Scaling Up and Down

One advantage of horizontal scaling in virtualized environments is that resources can be conserved by scaling the KumoMTA cluster up and down in response to sending patterns.

Note

Auto-scaling is a complicated subject that is not recommended except for those with extensive experience in autoscaling technologies. For most senders, the predictable daily sending patterns are adequate for scheduling scaling, with alerting when the cluster size is too small.

The most common install approach for scaling clusters involves Docker.
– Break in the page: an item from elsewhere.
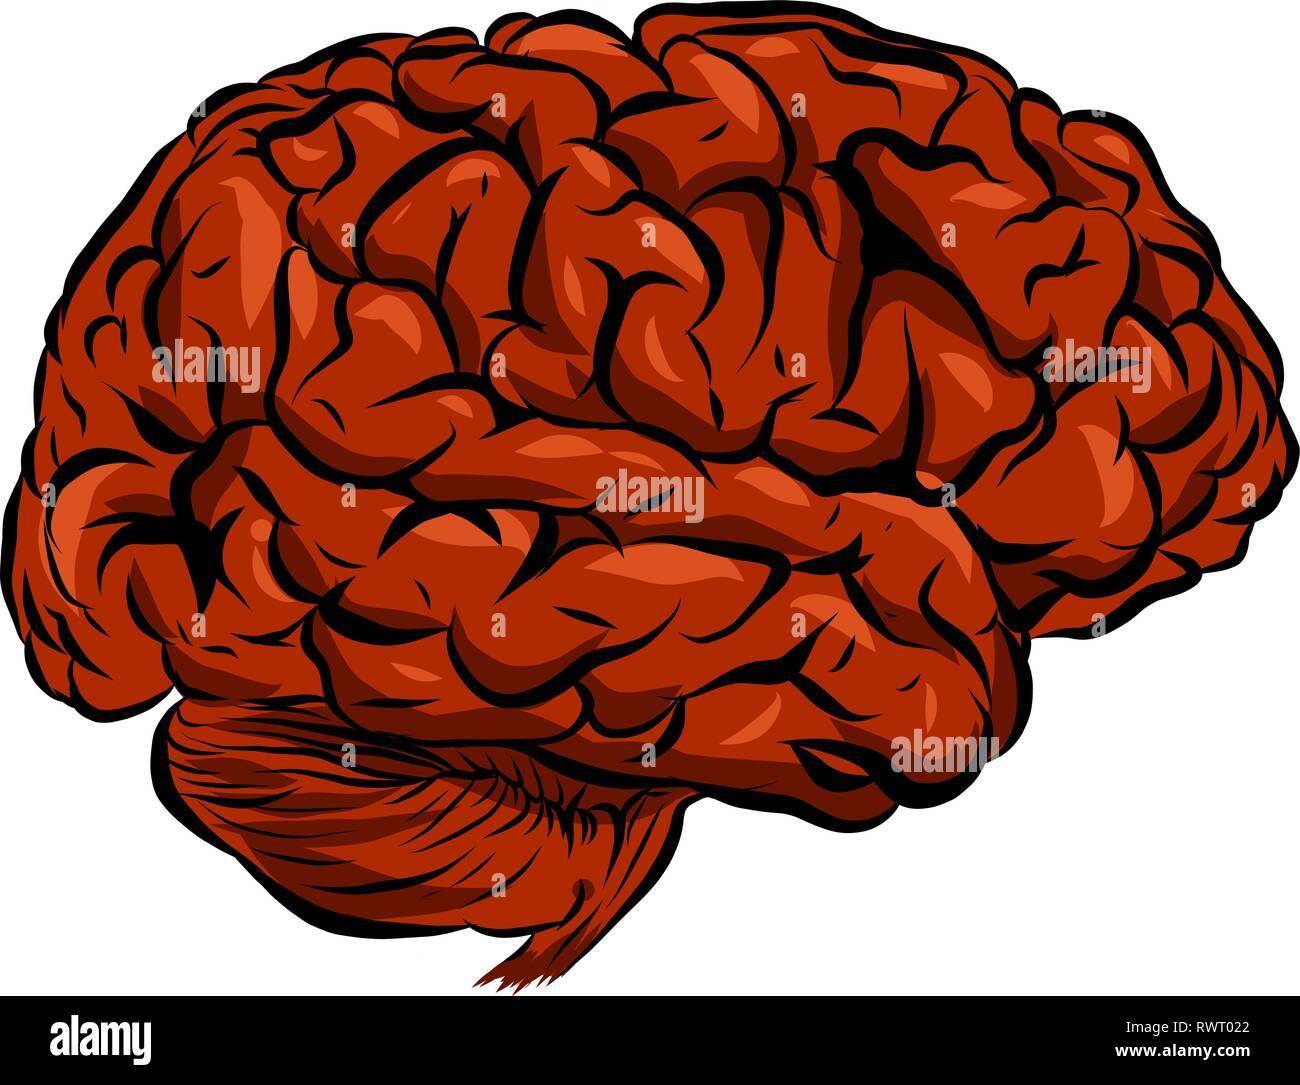 Illustration d'un cerveau humain avec fond blanc Photo Stock
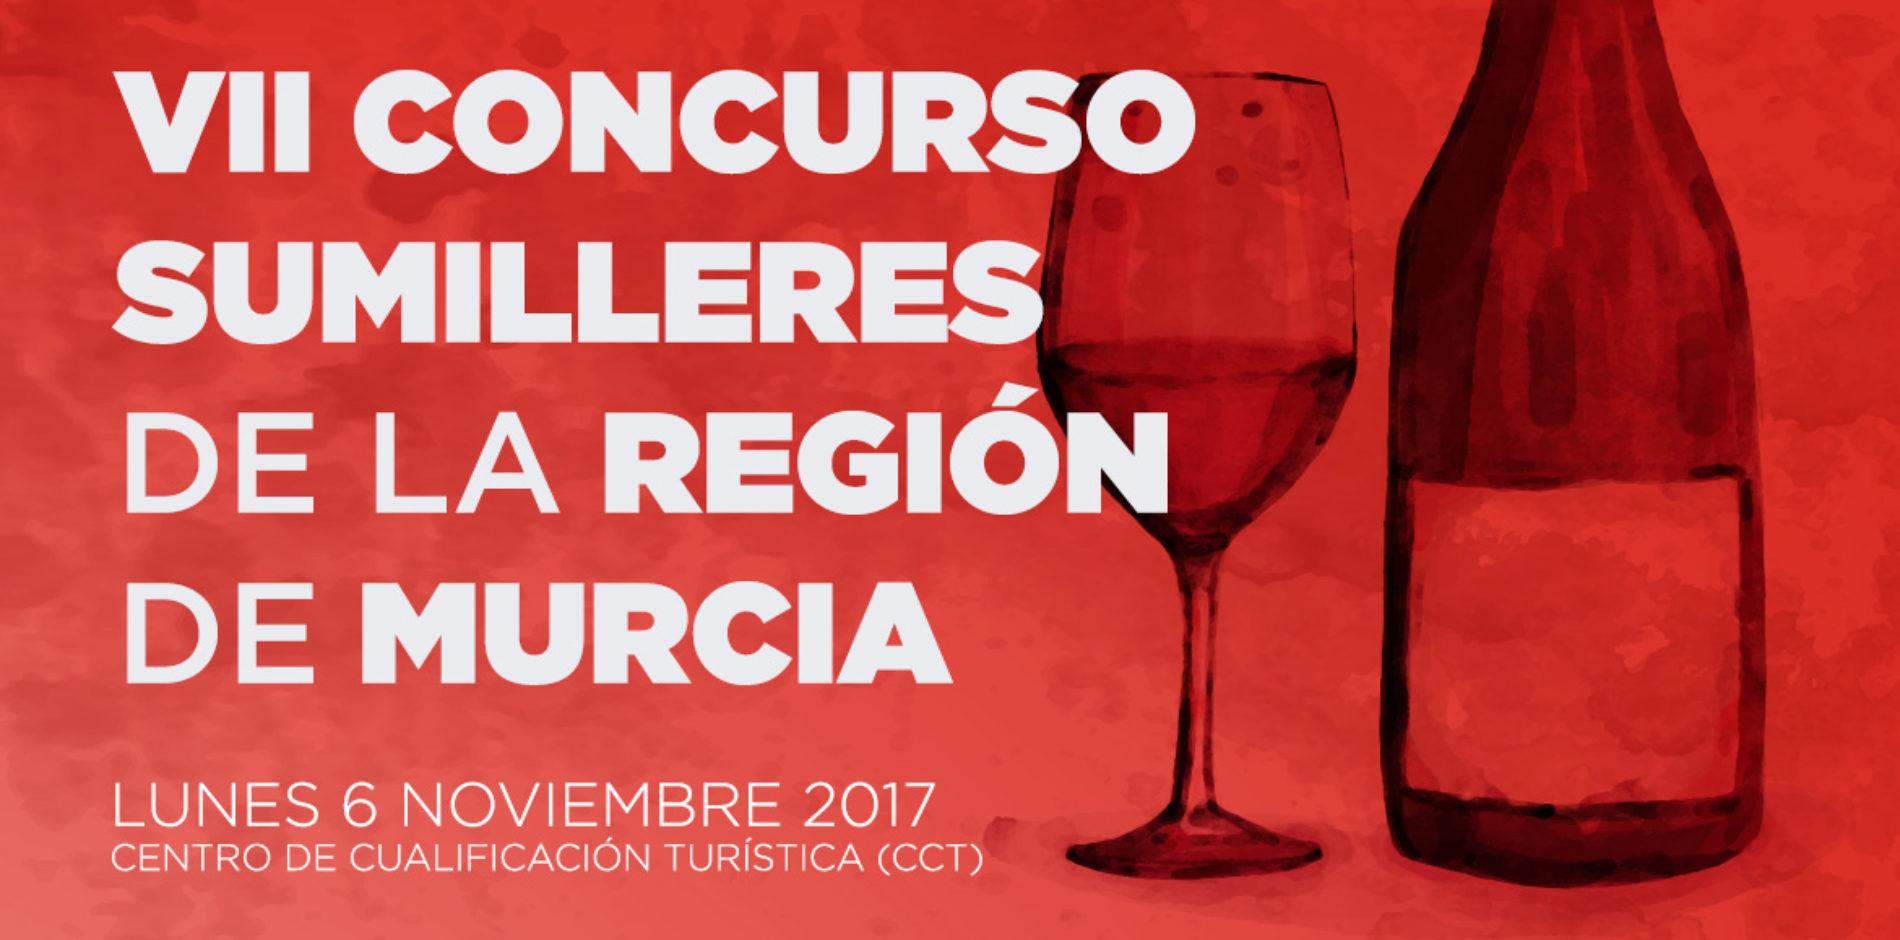 VII Concurso de Sumilleres de la Región de Murcia

For examples on deploying more advanced docker architectures, see https://github.com/KumoCorp/kumomta/tree/main/examples.

While the exact implementation of a scaling cluster is up to the user and their tools of choice, KumoMTA offers several tools and APIs that can ease the process.

Monitoring Node Availability

When a node is brought online there is some time required for the node to become ready for message injection.

To check on the availability of a node, you can check the liveness API on that node:

curl -X GET "http://127.0.0.1:8000/api/check-liveness/v1"

A 200 response indicates that the node is available and ready to receive messages.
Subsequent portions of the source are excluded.